MICHAEL L. REED, MD: I tell them that they can do all their normal cosmetic activities. I tell them, which I would tell almost anybody treated for hair loss, not to do things to their hair that's going to pull on it. No corn-rowing or braiding, no tight rollers. Excessive brushing and pulling on the hair is to be avoided. But they can color their hair, they can perm their hair, they can wash their hair, they can blow-dry their hair. Just gentle hair care. Washing their hair on a daily basis may be beneficial to get rid of extra oil in the scalp that might have extra hormone in it. But I don't put any real restrictions on them.
MARTY SAWAYA, MD: Actually, when patients are using minoxidil, because it is an alcohol vehicle drying to the hair fiber, sometimes I will recommend if they are going to color their hair, to stop using minoxidil a day or so before and a day or so after, just because there has been, some patients who state a little bit of hair breakage. So because it is a bit drying on the hair fiber, we will recommend maybe stop using it for a day or so before and a day after.
MICHAEL L. REED, MD: One other thing that we didn't get to is that in higher strengths of minoxidil, women can get some fuzzy stuff on their forehead and temples that they really don't like.
LISA CLARK: Oh, really?
MICHAEL L. REED, MD: That's temporary; it goes away. They can remove it with depilatories or have it waxed, but it's something to be aware of, especially in the higher strengths, because nobody wants hair in the wrong places, just in the right places.

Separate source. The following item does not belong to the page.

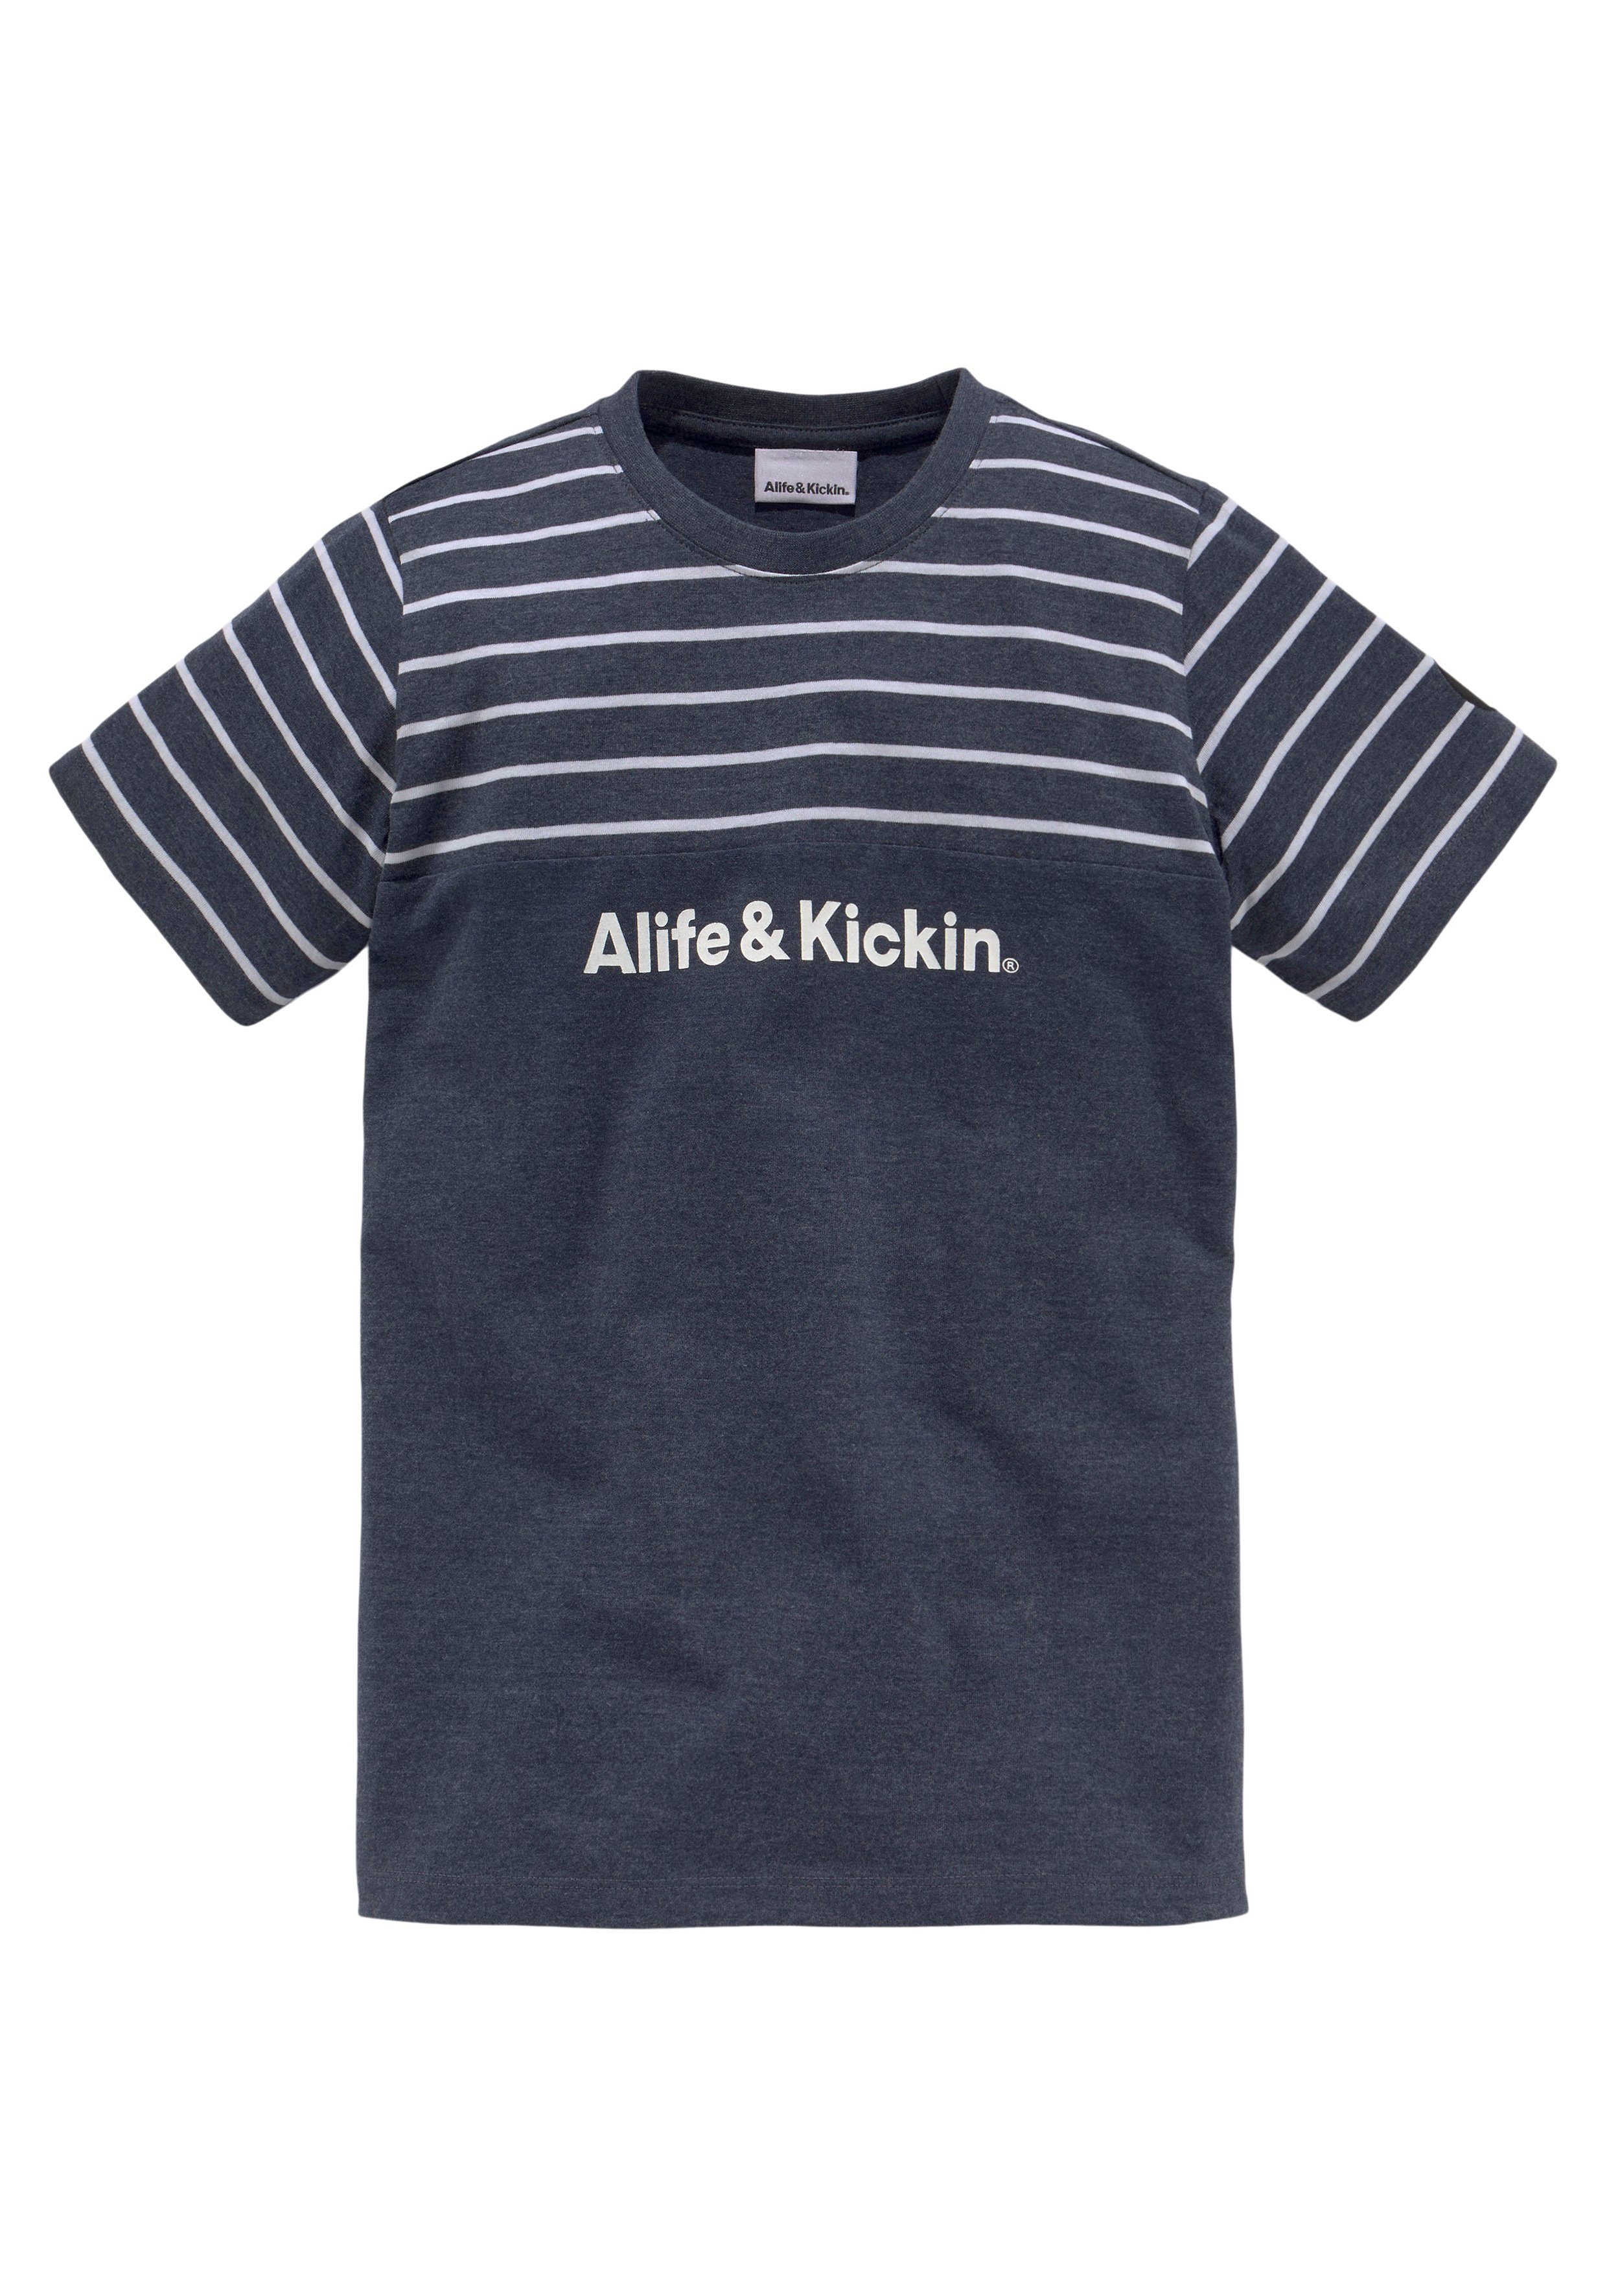 Kickin melierter und Alife Colorblocking & Ringel, T-Shirt NEUE Qualität garngefärbten in MARKE!

LISA CLARK: Final thoughts on the advances that have finally come for women with hair loss. It must be a good time to have a patient come in to you now, when you have these things that you can offer her.
MARTY SAWAYA, MD: That's true. It's better than it was 10 years ago. We have treatments at hand that we can start using today in women. I think from what studies have recently shown is, the earlier you start treatment, the better off you're going to be, versus if you wait around for a long, long time, you're never going to catch up to what you could have had if you started at an earlier stage. It's a very hopeful time period to recommend treatments and have women follow through, and have a very good, positive outcome.
LISA CLARK: Good to know. I'd like to thank both of you for being here to answer our questions again, Dr. Marty Sawaya and Dr. Michael Reed. Thank you very much.